**Problem details**
Transcribe all the data below exactly, leaving its pictures out.

---- Given data

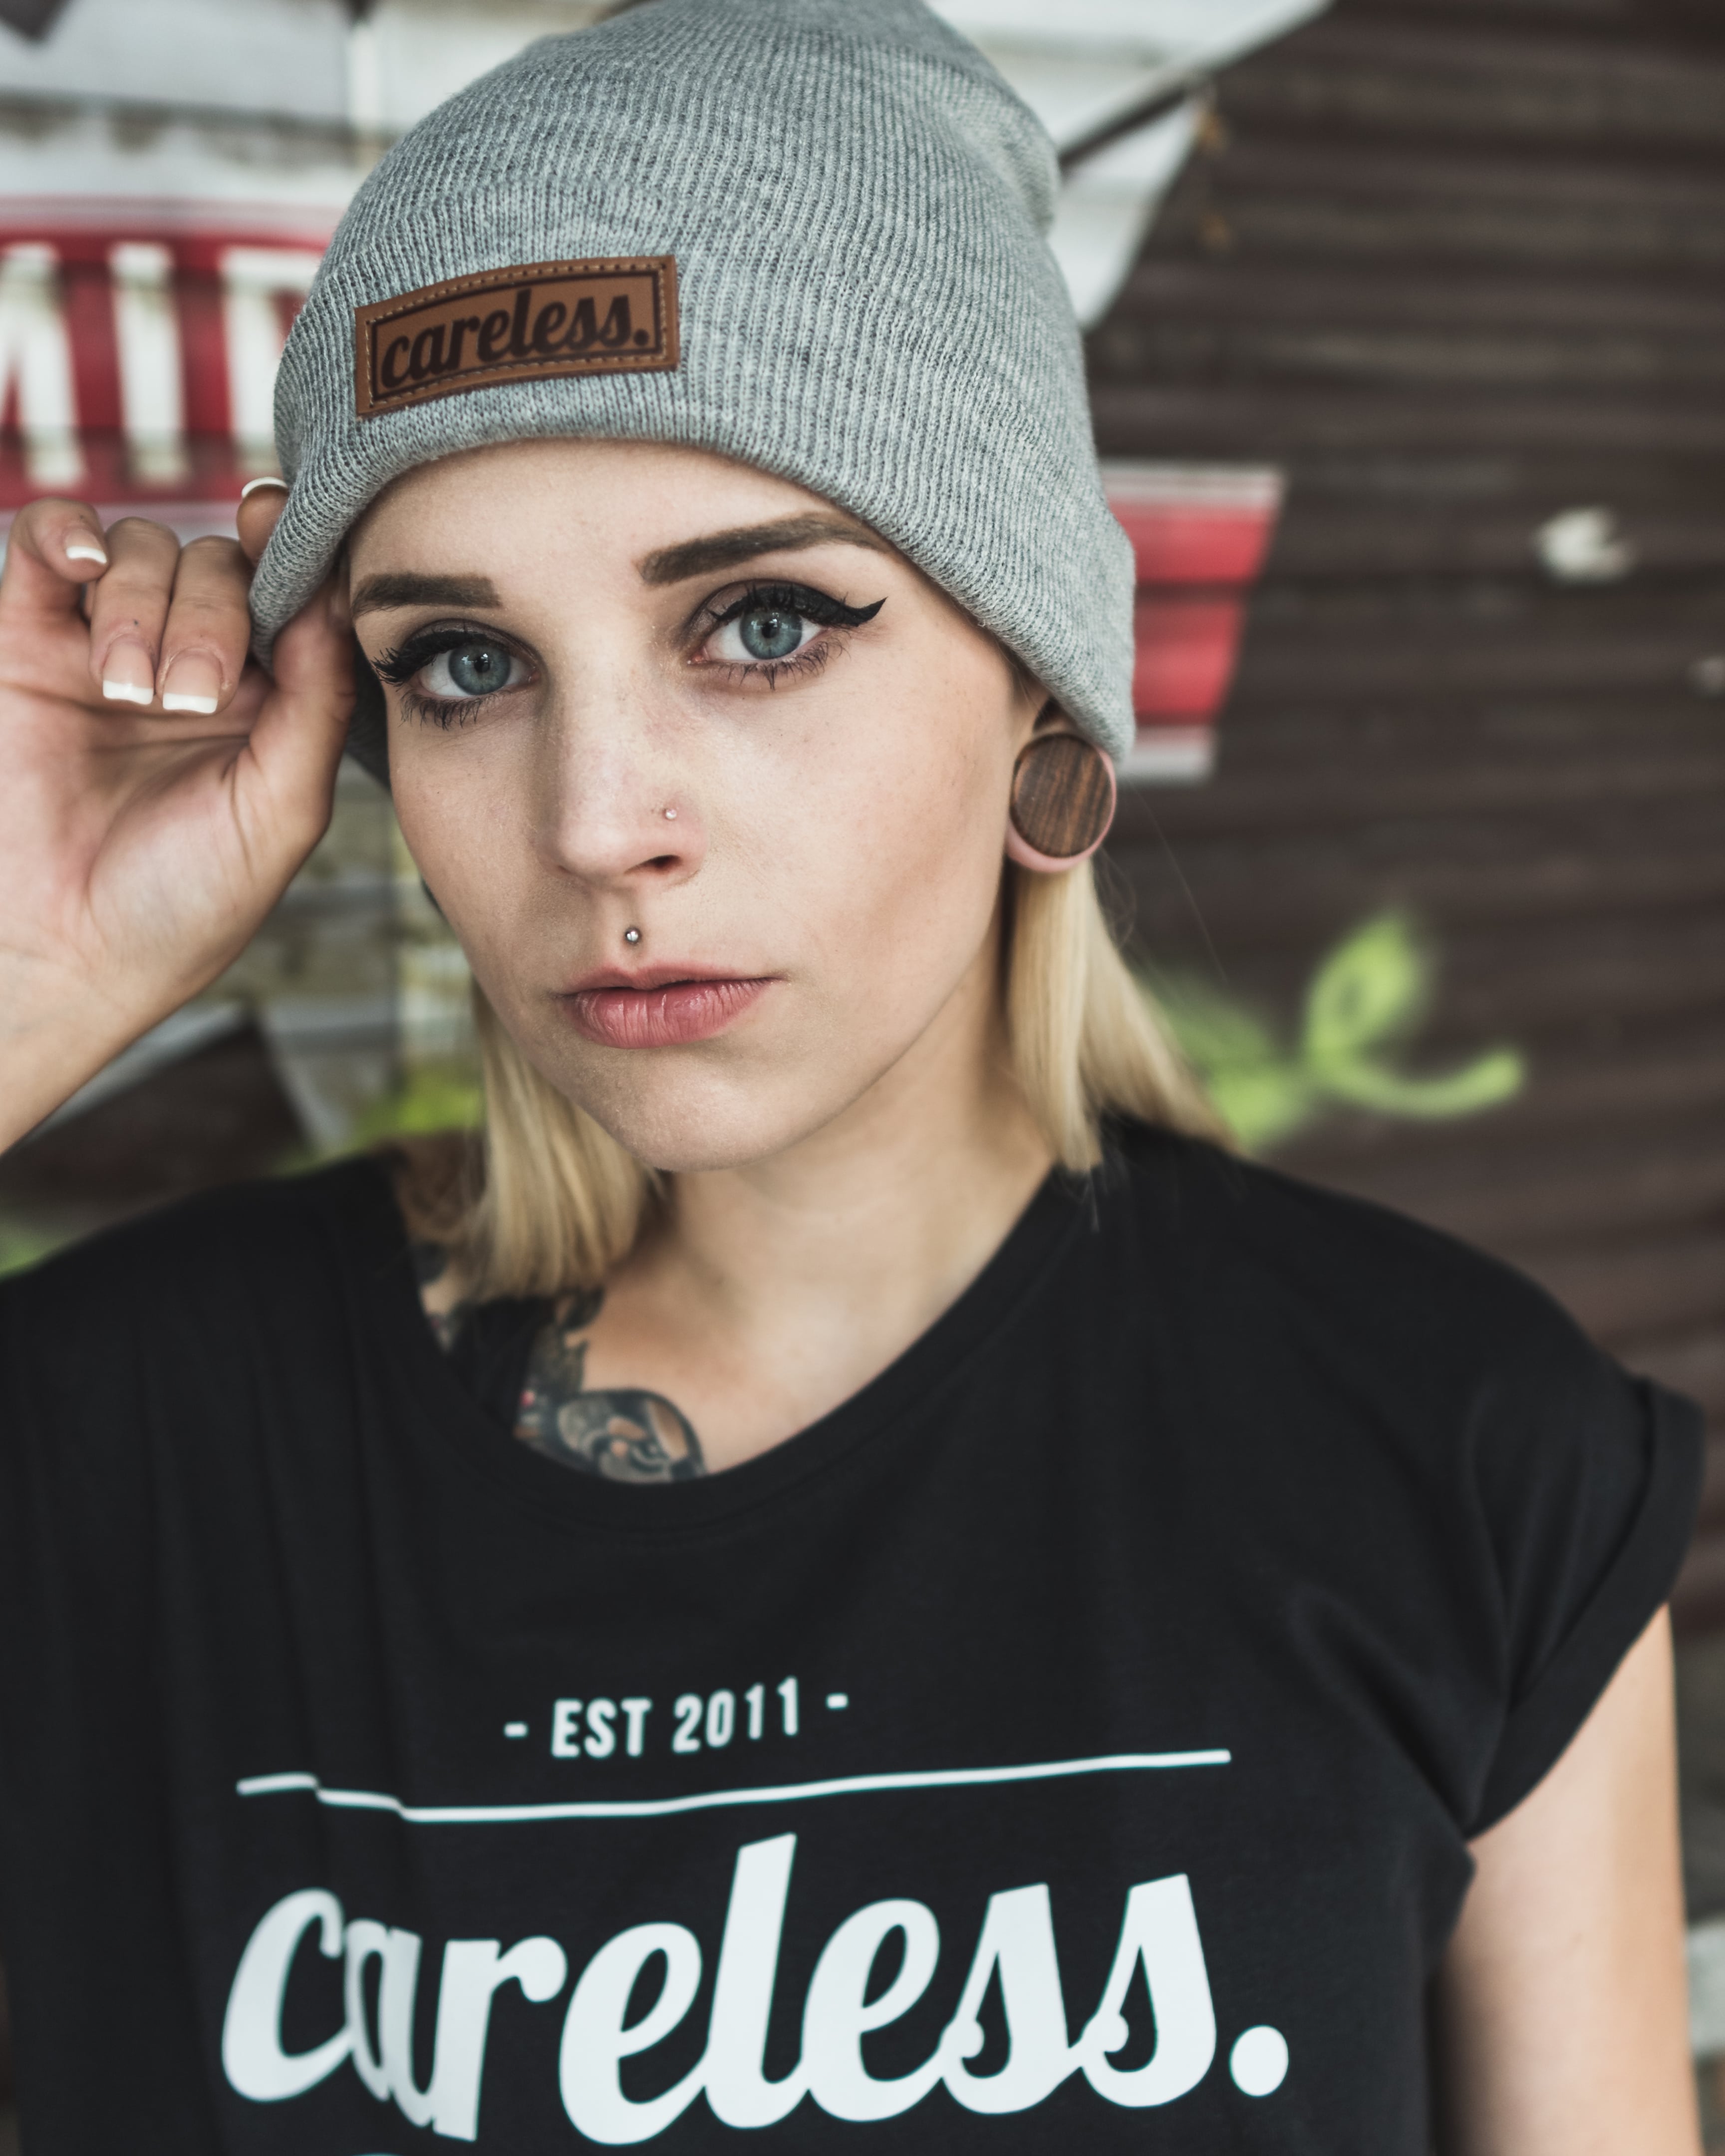 https://toh.photography/media/pages/portfolio/shooting-bei-careless-clothing-streetfashion-in-frankfurt/5c93a5c686-1585504328/p7140151.jpg
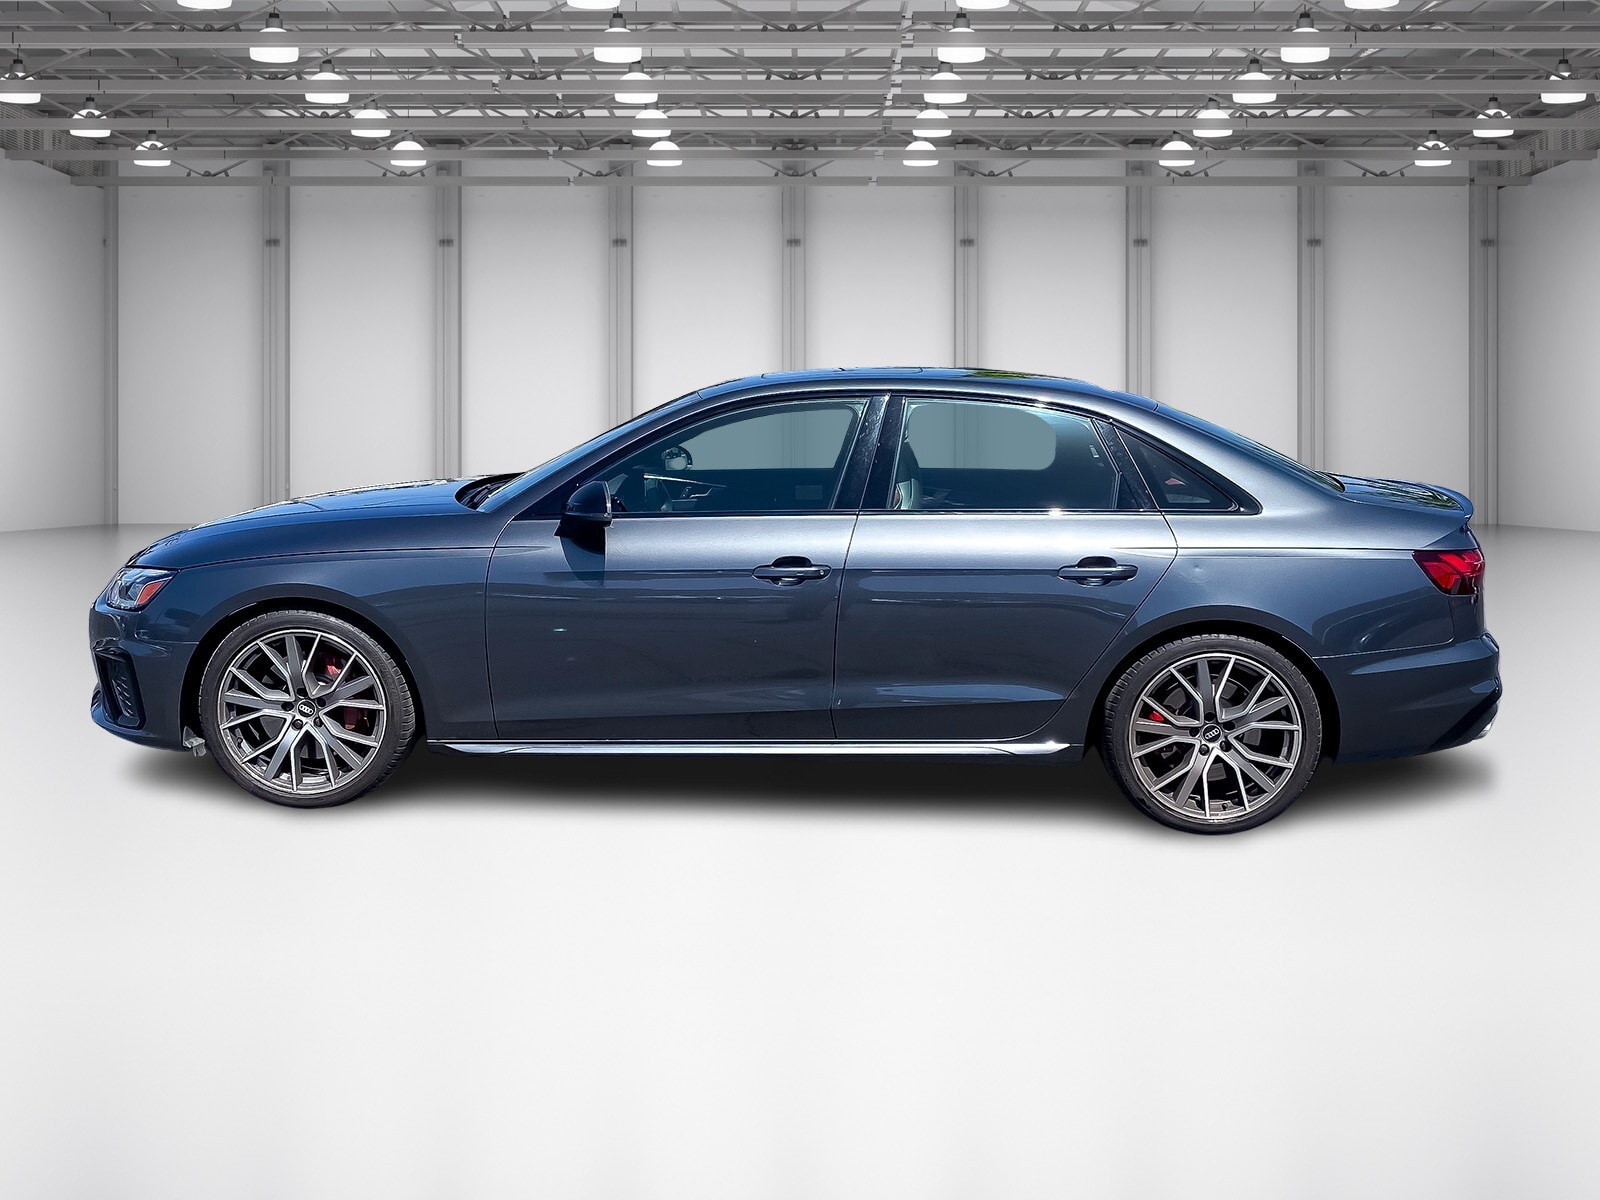 Used 2021 Audi S4 Premium Plus with VIN WAUB4AF4XMA031380 for sale in Reno, NV
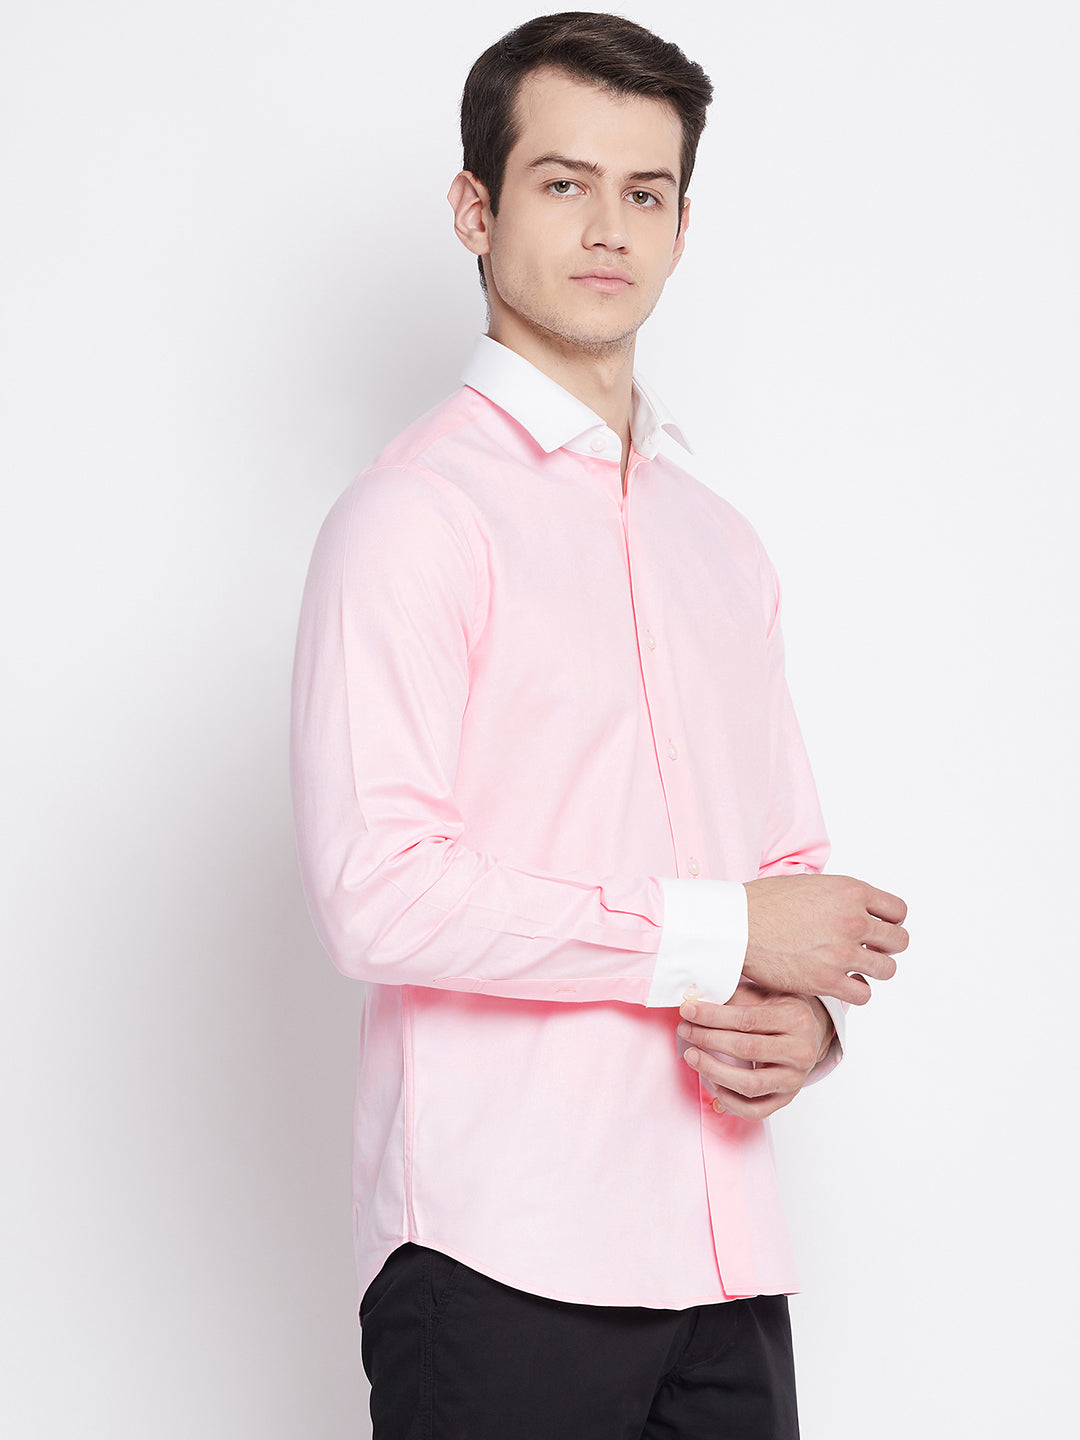 Baby Pink Cotton Twill Banker Shirt

--------

**Task answer**
 https://toh.photography/media/pages/portfolio/shooting-bei-careless-clothing-streetfashion-in-frankfurt/5c93a5c686-1585504328/p7140151.jpg
 Used 2021 Audi S4 Premium Plus with VIN WAUB4AF4XMA031380 for sale in Reno, NV
 Baby Pink Cotton Twill Banker Shirt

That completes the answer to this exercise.